Karena itu, kamu harus benar-benar mencari tahu dulu berapa setoran awal yang bisa kamu gunakan.

2. Pilih Yang Transaksinya Kecil

Meski kita hanya bermain saham, dalam aplikasi saham tentu ada transaksi tersendiri karena perusahaan tentu juga mau mendapatkan keuntungan yang lain. Keuntungan itu biasanya didapat oleh broker yang menjadi pendamping kamu saat menggunakan aplikasinya. Masing-masing dari kegiatan jual beli saham ada komisinya yang berbeda-beda.

Misalkan saja untuk berhasil beli, mereka akan mendapat komisi 0,5 persen.
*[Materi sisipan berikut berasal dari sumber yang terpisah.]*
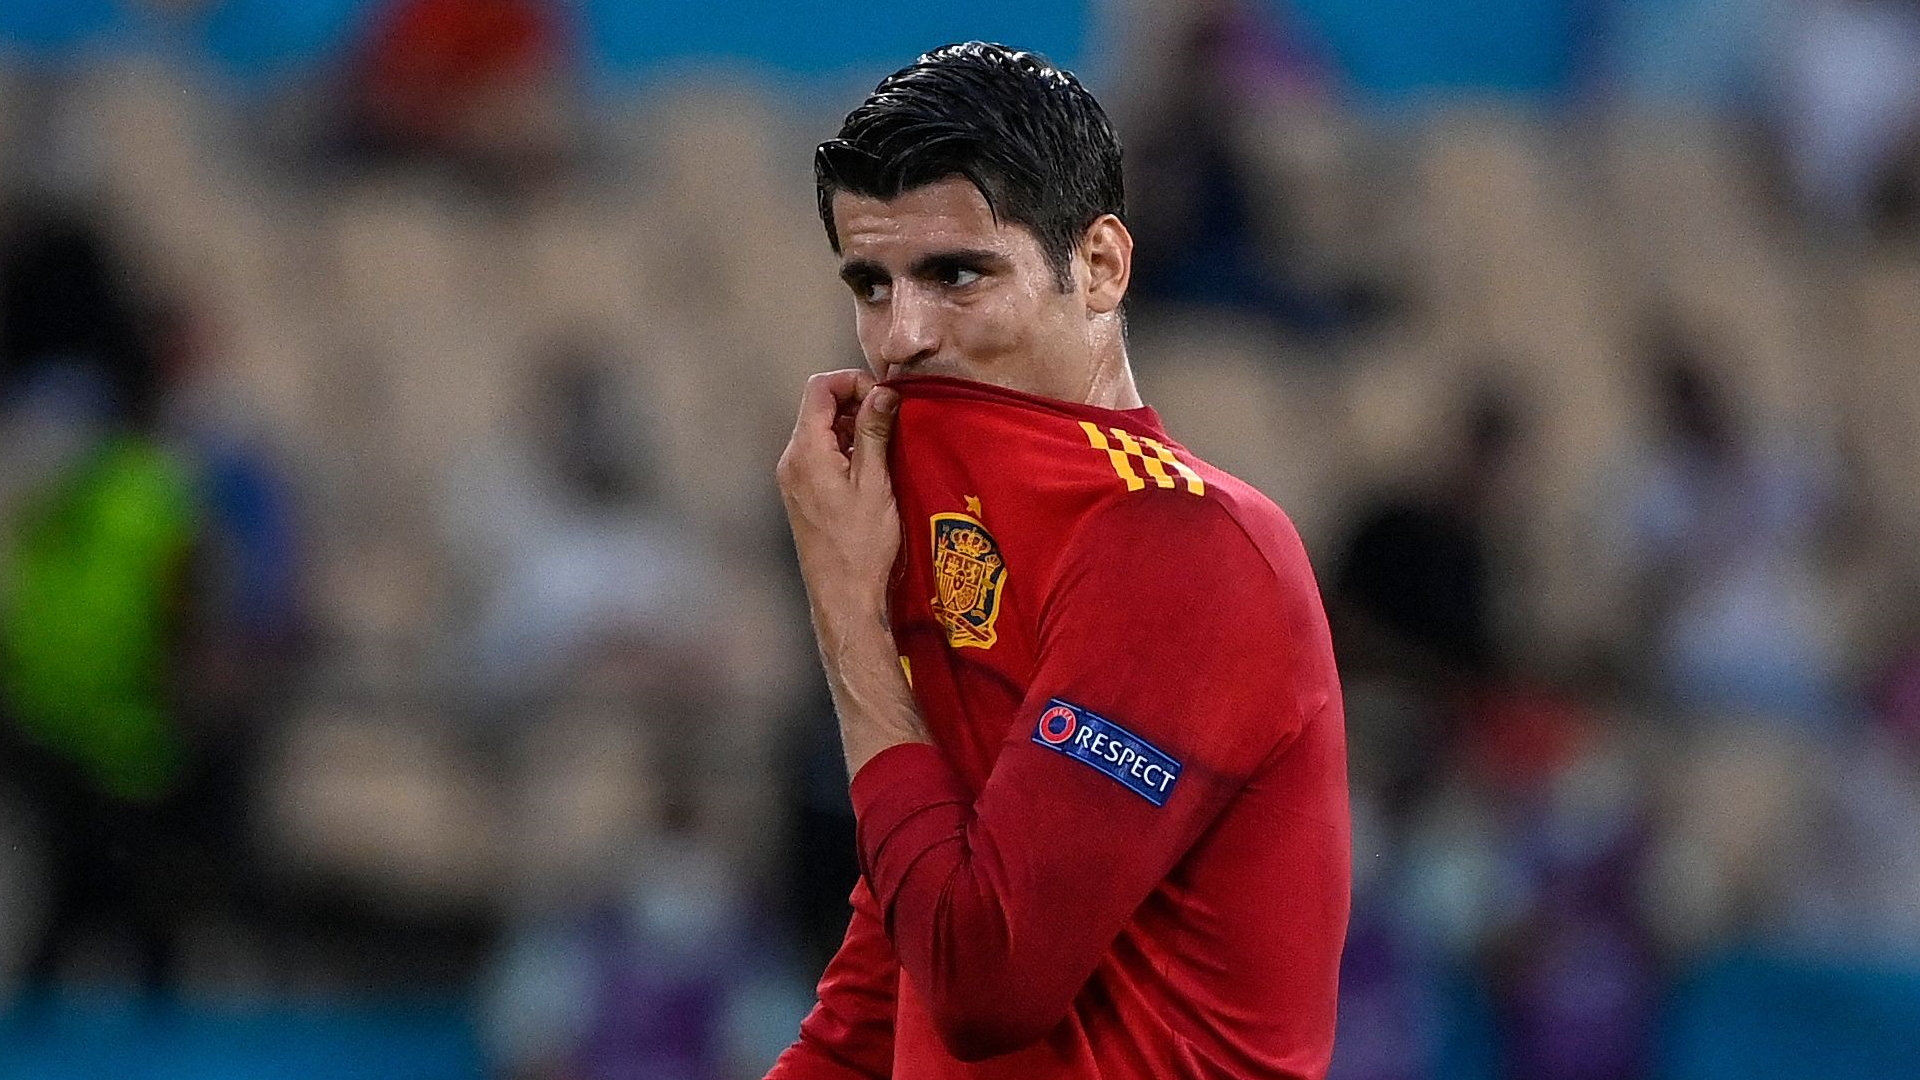 'I did not sleep for nine hours' - Morata received death threats against his family after Spain drew with Poland at Euro 2020

Tapi ketika berhasil menjualnya, pihak mereka mendapat 0,8 persen. Pembagian persenan itulah yang nantinya akan dikenakan dan setiap perusahaan sekuritas tidak sama dalam jumlah transaksinya.

Buat kamu yang tidak mau rugi, apalagi seorang pemula, pastikan pilih yang transaksinya kecil. Pemilihan besar kecilnya pembagian transaksi ini bisa mempengaruhi berapa keuntungan jual beli yang kamu dapatkan nanti. Karena itu, kamu harus pintar membandingkan antara aplikasi saham yang satu dengan yang lainnya.
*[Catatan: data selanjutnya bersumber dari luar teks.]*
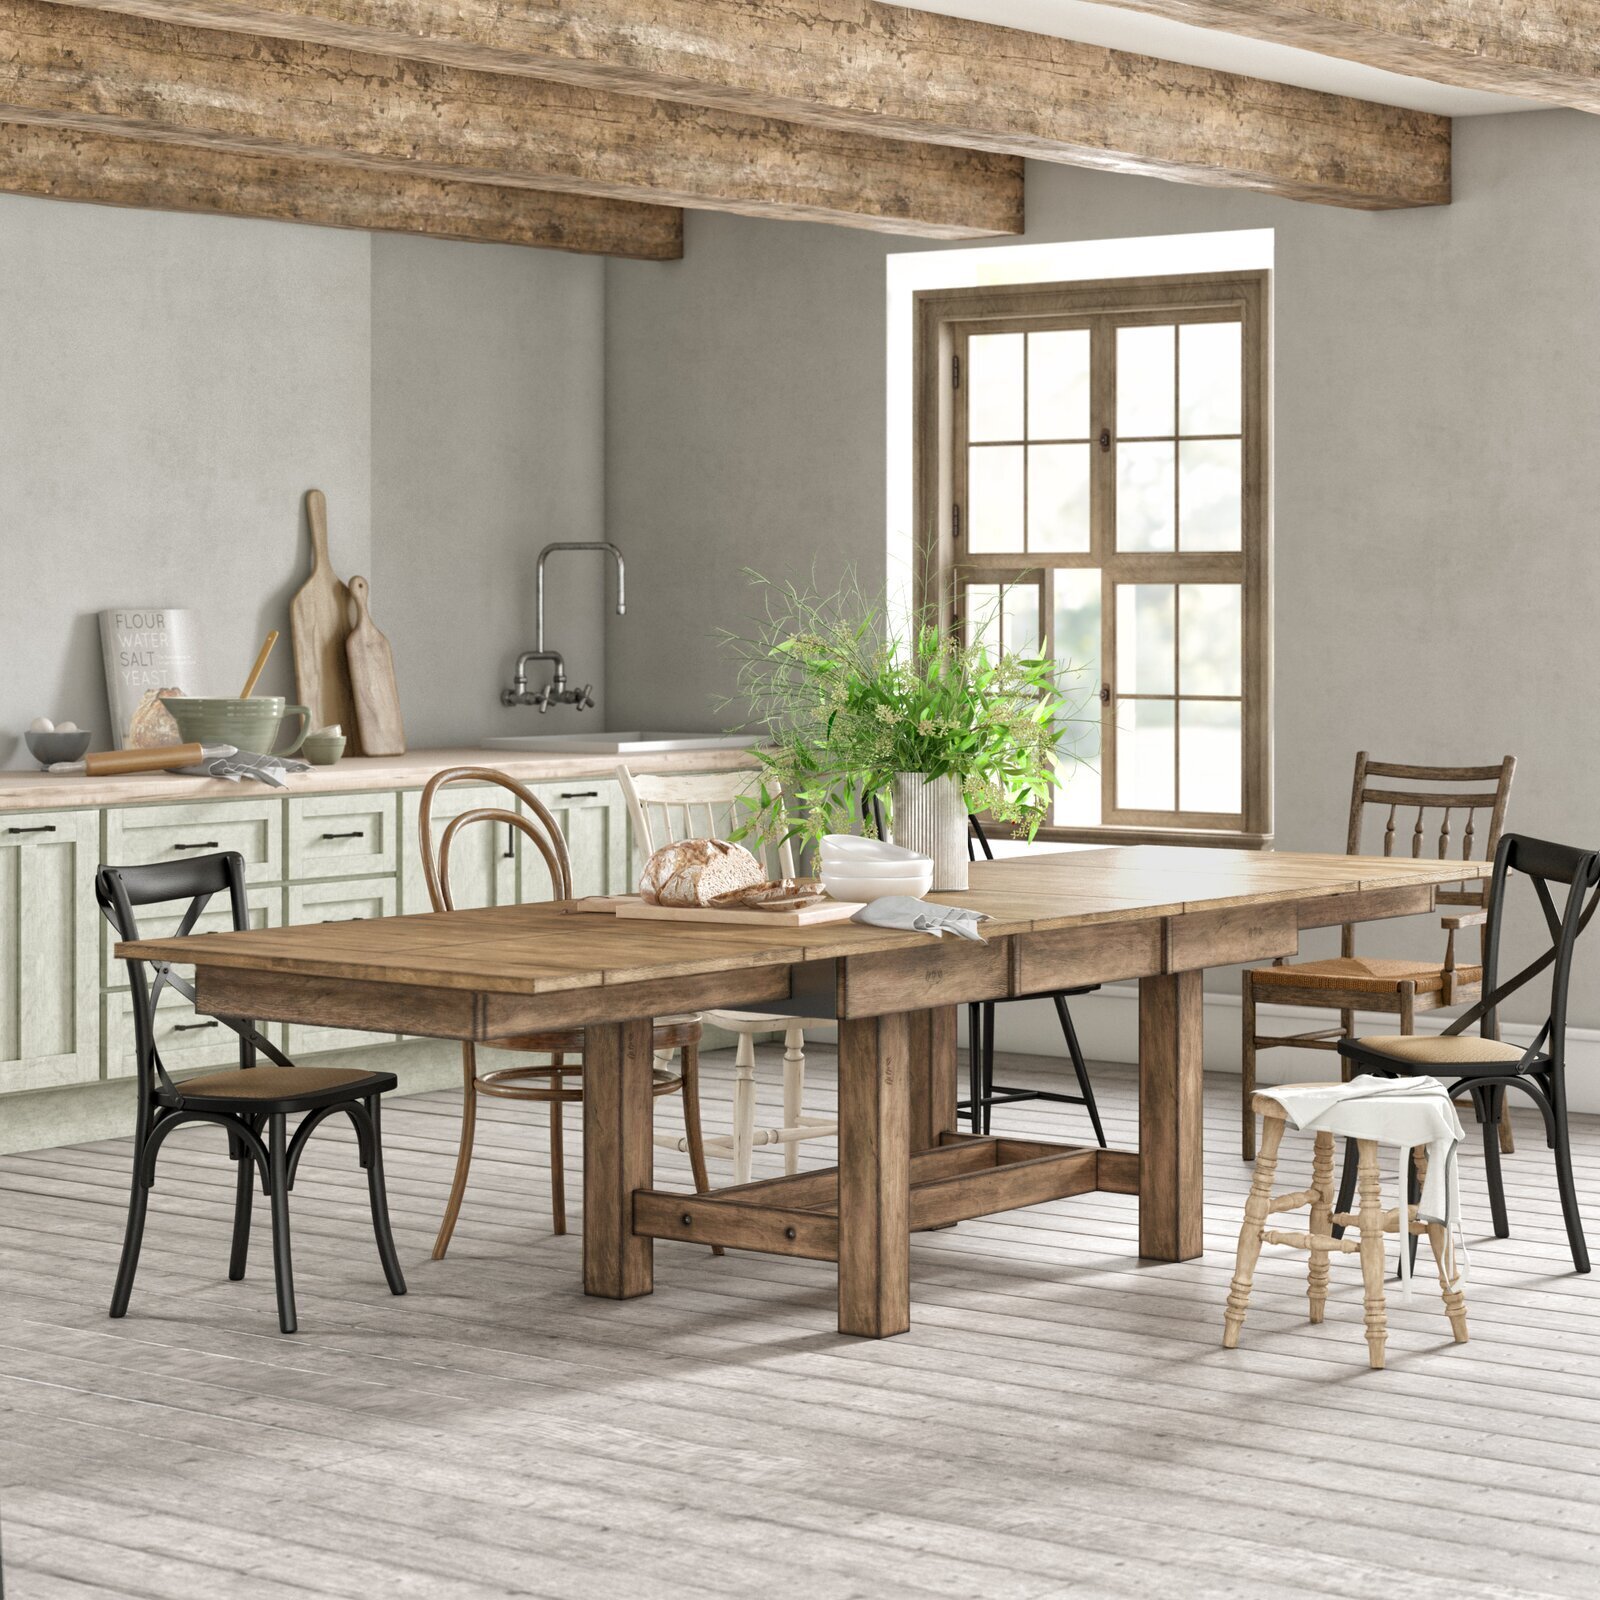 Rustic trestle dining room table with butterfly leaf

3. Tidak Susah Membuka Rekening

Meski melalui aplikasi saham, tetap saja kamu harus jeli dalam pembuatan rekening saham. Kalau memang aplikasi itu serius dalam membantu nasabahnya, harusnya mereka menawarkan kemudahan dalam membuka rekening barunya.

Cukup melampirkan berkas tertentu tanpa harus meribetkan nasabahnya. Jangan lupa, pastikan mereka memberikan syarat dan ketentuan yang lengkap agar saat mendaftarnya kamu tidak merasa dipermainkan.

4. Terdaftar di OJK

Dalam memilih aplikasi saham, yang paling penting adalah sudah terdaftar di OJK atau belum. Kalau belum, sebaiknya kamu jangan menggunakannya karena termasuk aplikasi bodong yang hanya mengambil keuntungan semata saja. Tapi kalau sudah masuk ke dalam daftar OJK, kamu tidak usah khawatir lagi dengan kredibilitasnya.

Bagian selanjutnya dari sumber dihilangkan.